The for item in sequence pattern this article covers is also the shape of batch LLM API calls: iterate over a list of inputs, call the model for each, collect the responses. TinkerLLM is a hands-on Python LLM playground at ₹299 where that same iteration loop runs against real language models, so you see the loop-and-collect structure applied to a context beyond placement prep.

Primary sources

Frequently asked questions

What is the syntax of a for loop in Python?

The syntax is: for variable in sequence: followed by the indented code block. The variable takes the value of each element in the sequence on each iteration. Indentation (4 spaces) marks the loop body.

What does range() return and how is it used in a for loop?

range(stop) generates integers from 0 up to but not including stop. range(start, stop) starts from start. range(start, stop, step) adds a step size. range(5) gives 0, 1, 2, 3, 4. The sequence is generated lazily, without allocating a list in memory.

What is the difference between break and continue in a Python for loop?

break exits the entire loop immediately, even if elements remain in the sequence. continue skips only the rest of the current iteration and moves to the next element.
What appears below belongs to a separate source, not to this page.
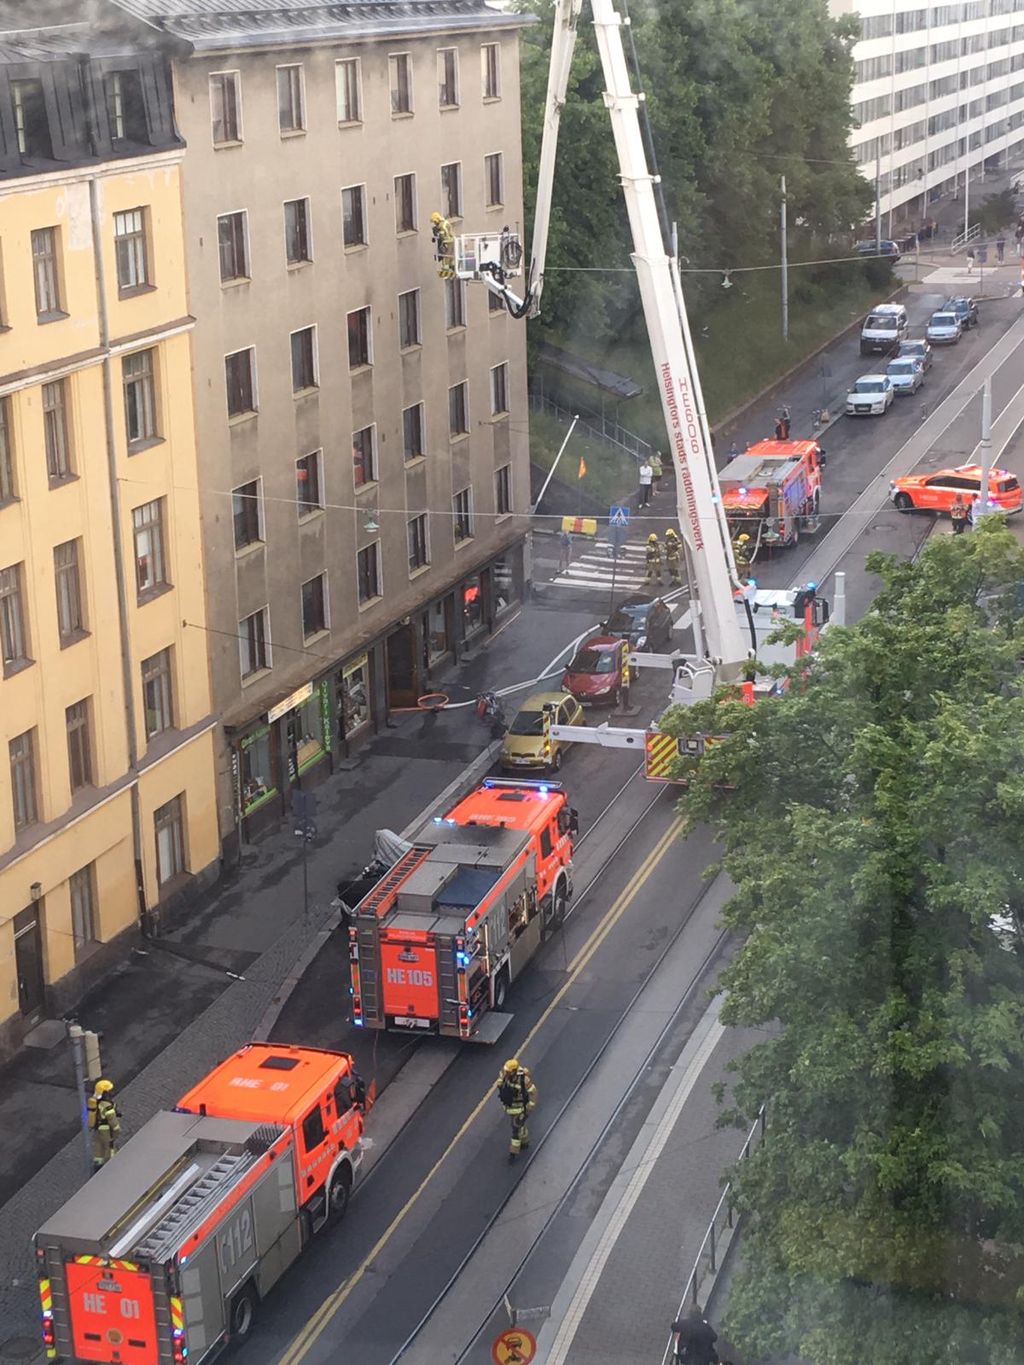 Yksiö tuhoutui asuinkelvottomaksi Helsingin Alppiharjussa – palo sai alkunsa keittiöstä

After break, no further iterations run. After continue, the loop proceeds normally.

How do you iterate over a dictionary with a for loop in Python?

Use dict.items() to get (key, value) pairs: for key, value in my_dict.items(). Use dict.keys() for keys alone, or dict.values() for values alone. Python 3.7 and later guarantees insertion-order for dictionary iteration.

What is a nested for loop in Python?

A nested for loop is a for loop inside another for loop. The inner loop runs completely for each single iteration of the outer loop. An outer loop of m iterations and an inner of n iterations gives m times n total executions of the inner body.

How does pass differ from continue in a Python for loop?

continue skips the remaining lines of the current iteration and moves directly to the next element. pass does nothing at all — it is a syntactic placeholder when Python requires a code block but no logic is needed yet. After pass, all remaining lines in the loop body still execute for that iteration.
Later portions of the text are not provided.